Action item
In the records below, the relevant part opens with the line containing "Beweglich – Shakira" and closes with the line containing "Details about PMGC"; print that part exactly and only, without its pictures.

Materials provided

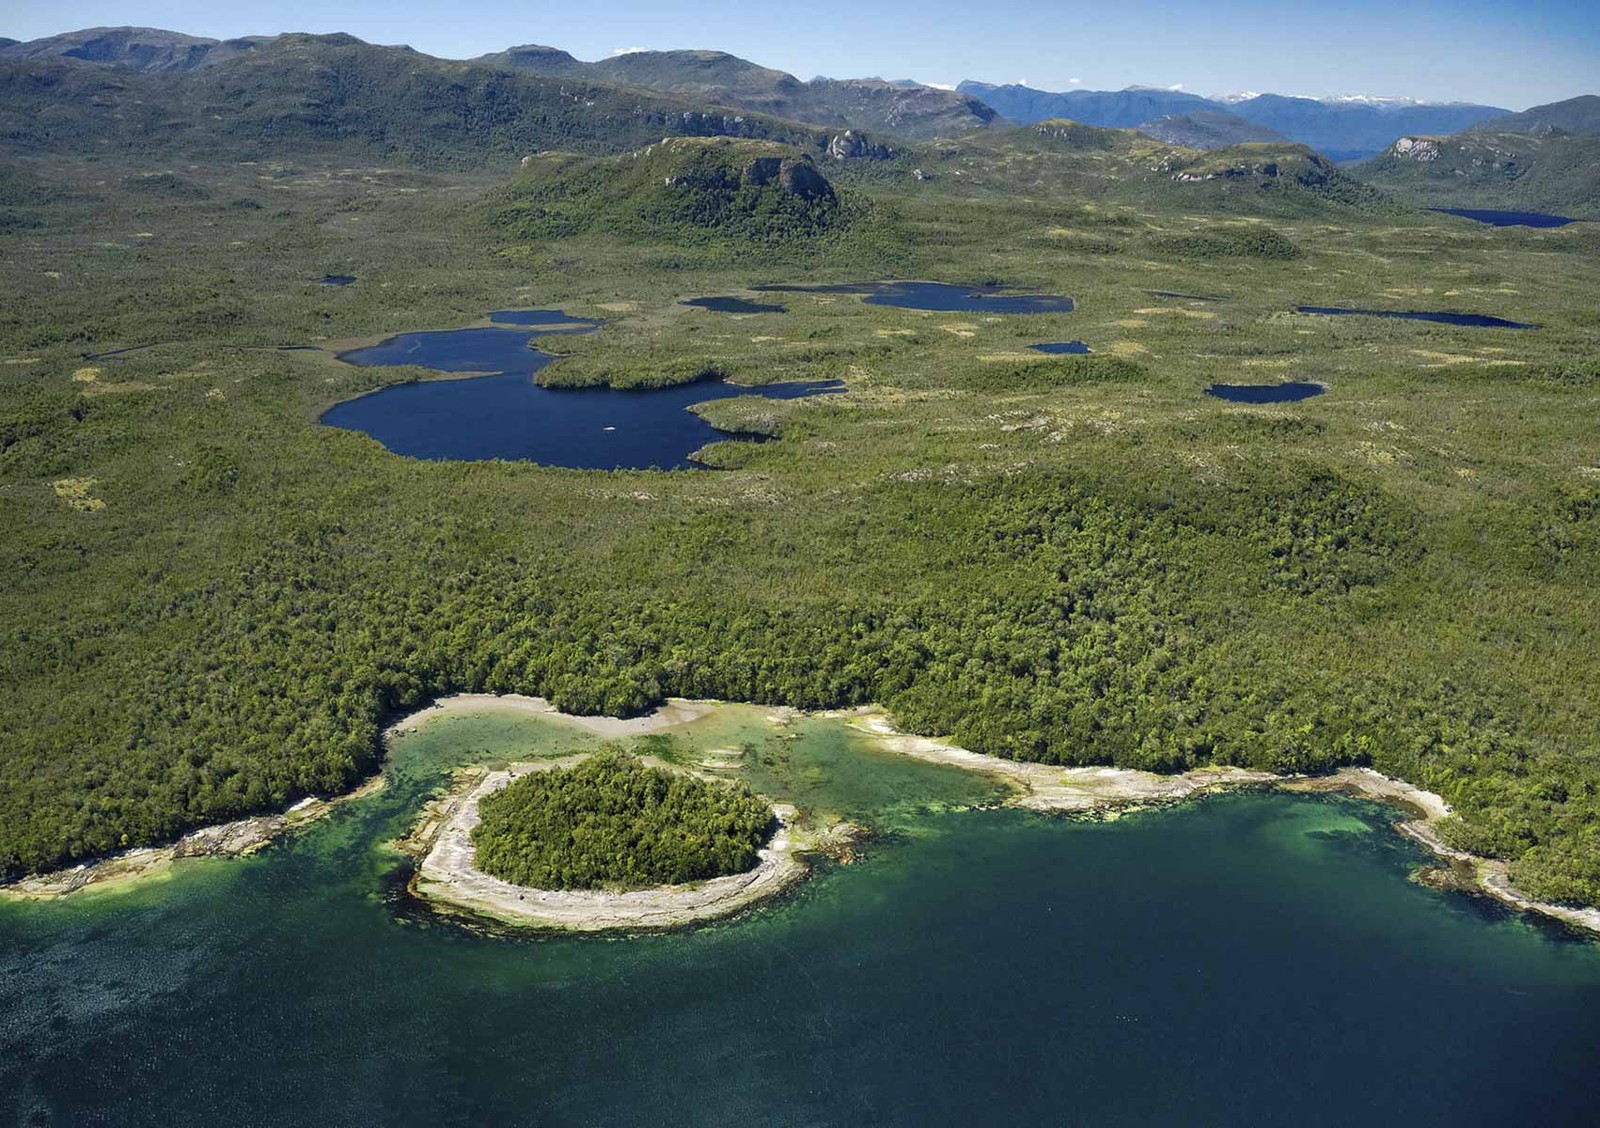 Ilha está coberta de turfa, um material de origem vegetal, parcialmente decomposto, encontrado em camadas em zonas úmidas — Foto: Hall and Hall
--
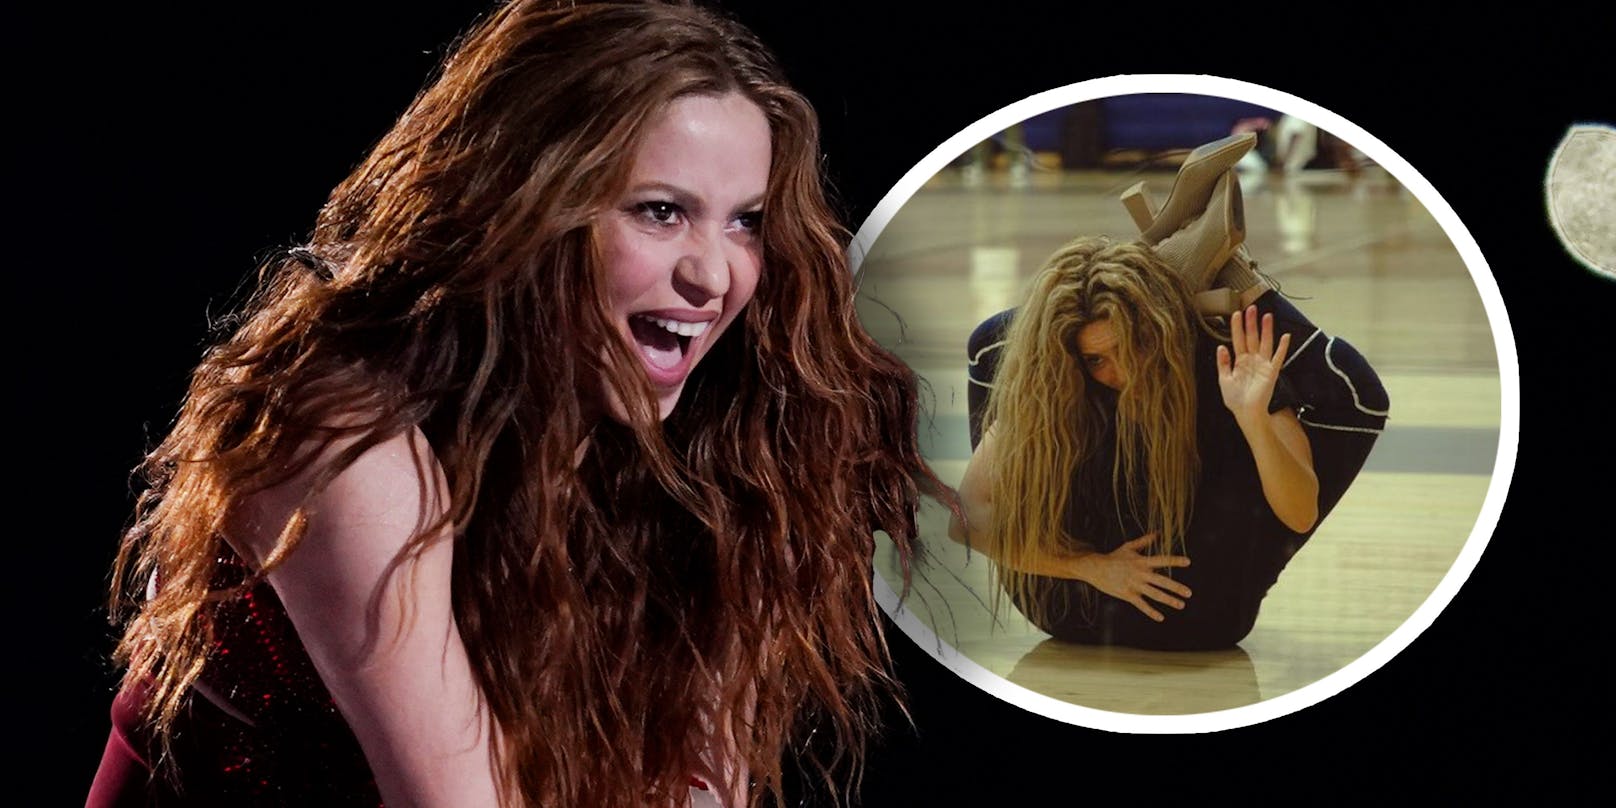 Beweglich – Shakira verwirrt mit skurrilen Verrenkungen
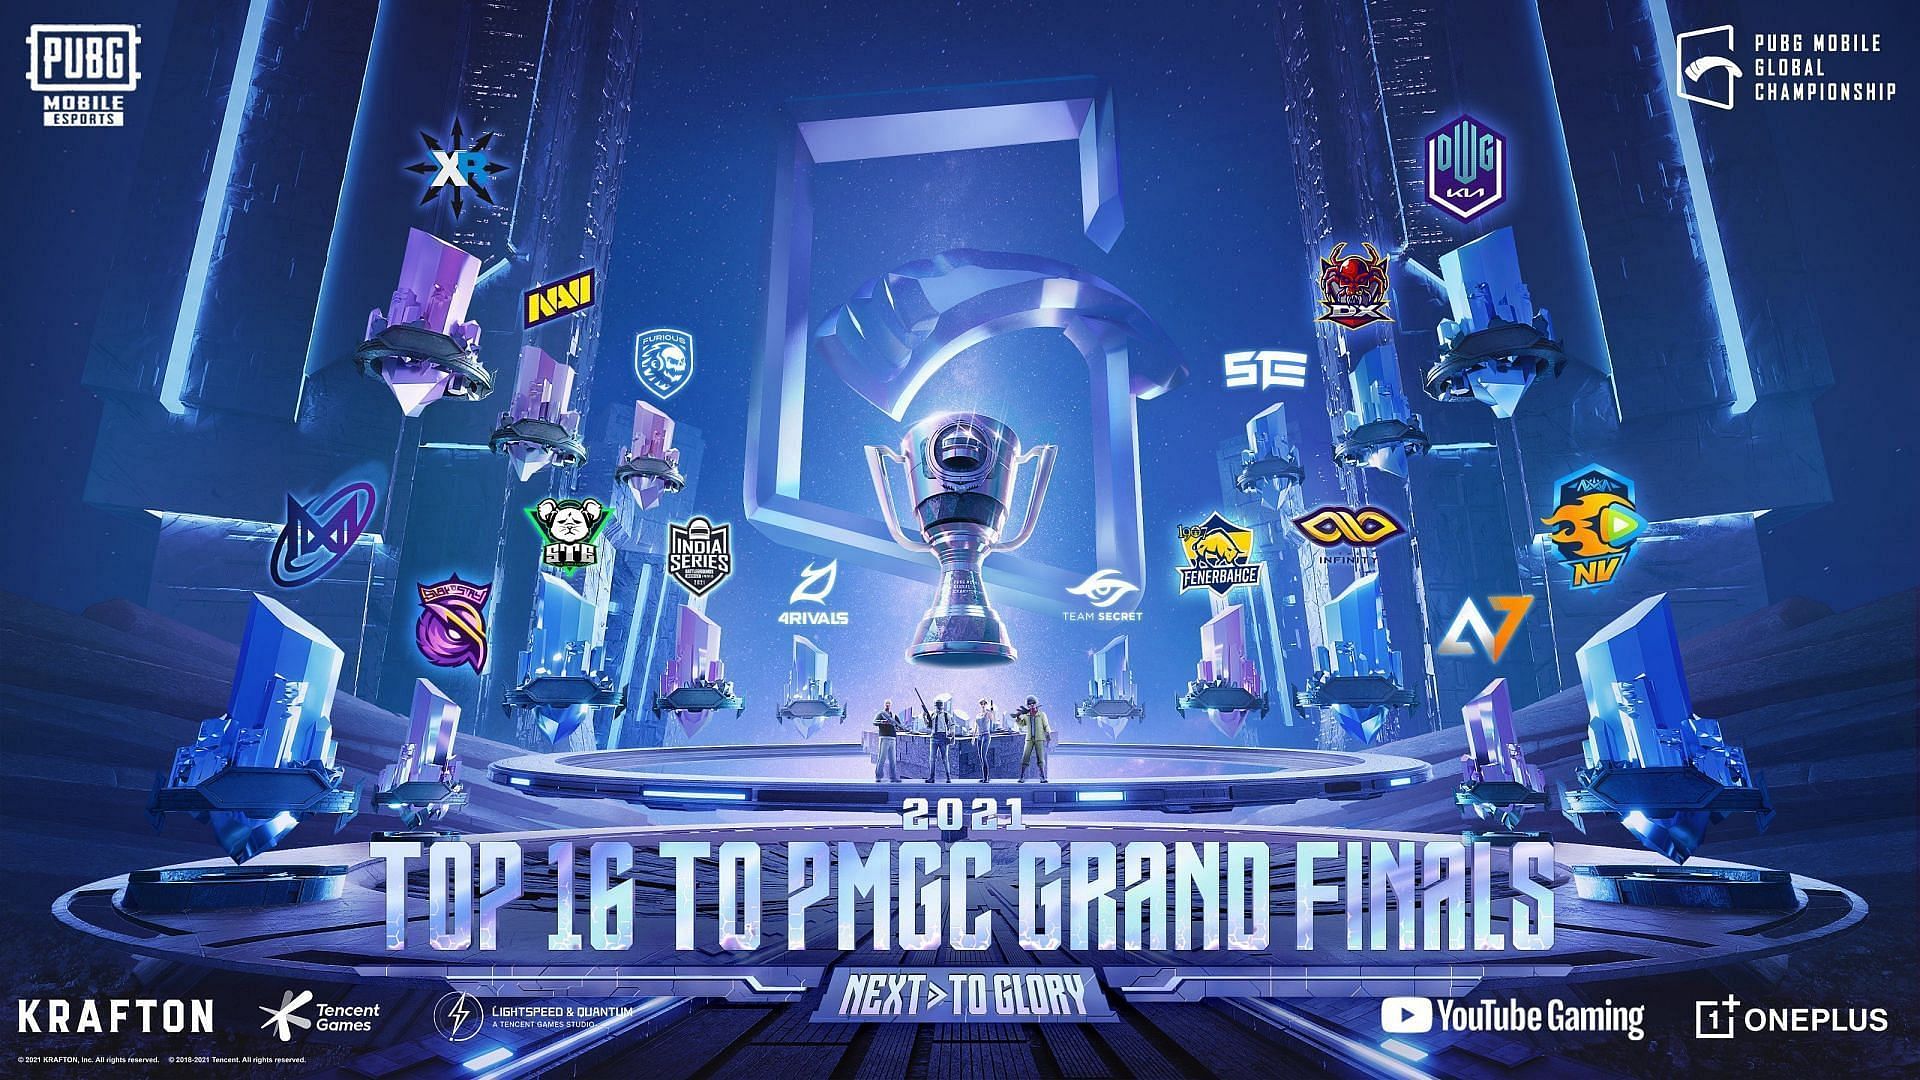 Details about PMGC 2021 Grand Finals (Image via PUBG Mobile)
==
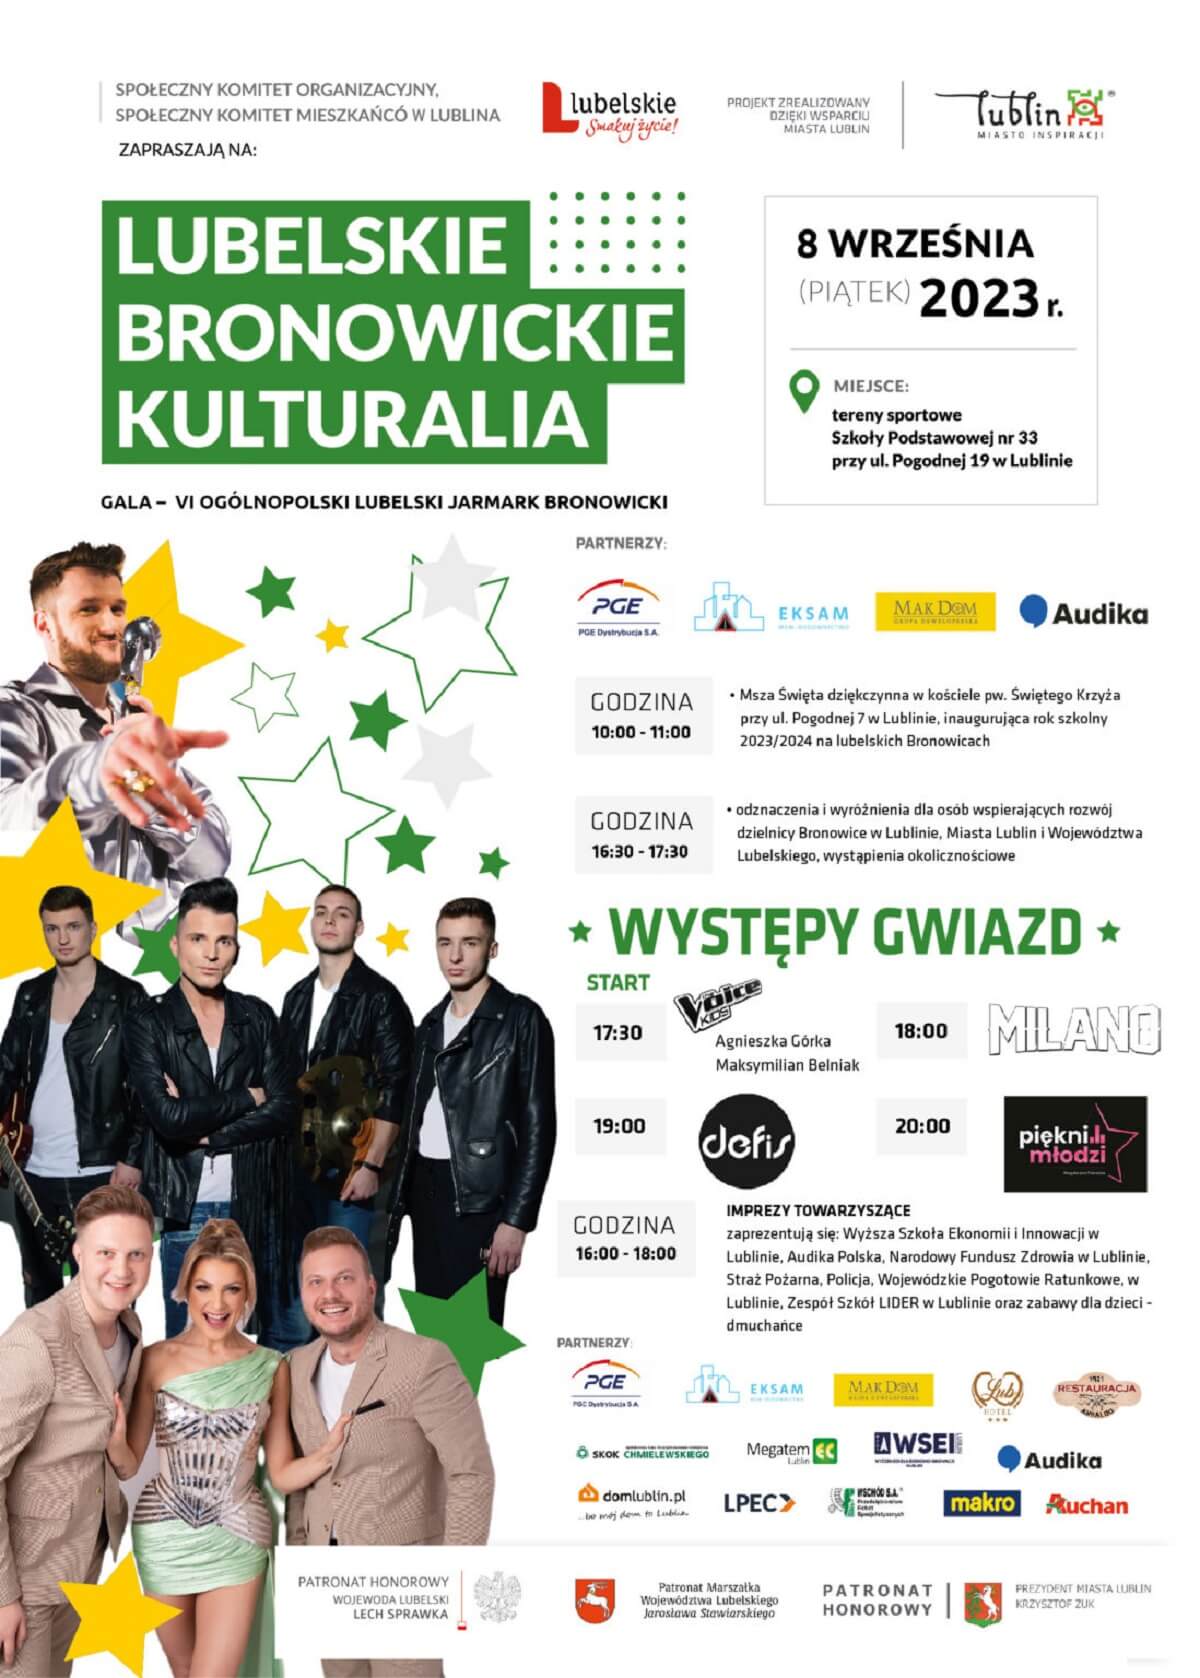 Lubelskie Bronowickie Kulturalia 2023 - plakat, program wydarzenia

Task output
 Beweglich – Shakira verwirrt mit skurrilen Verrenkungen
 Details about PMGC 2021 Grand Finals (Image via PUBG Mobile)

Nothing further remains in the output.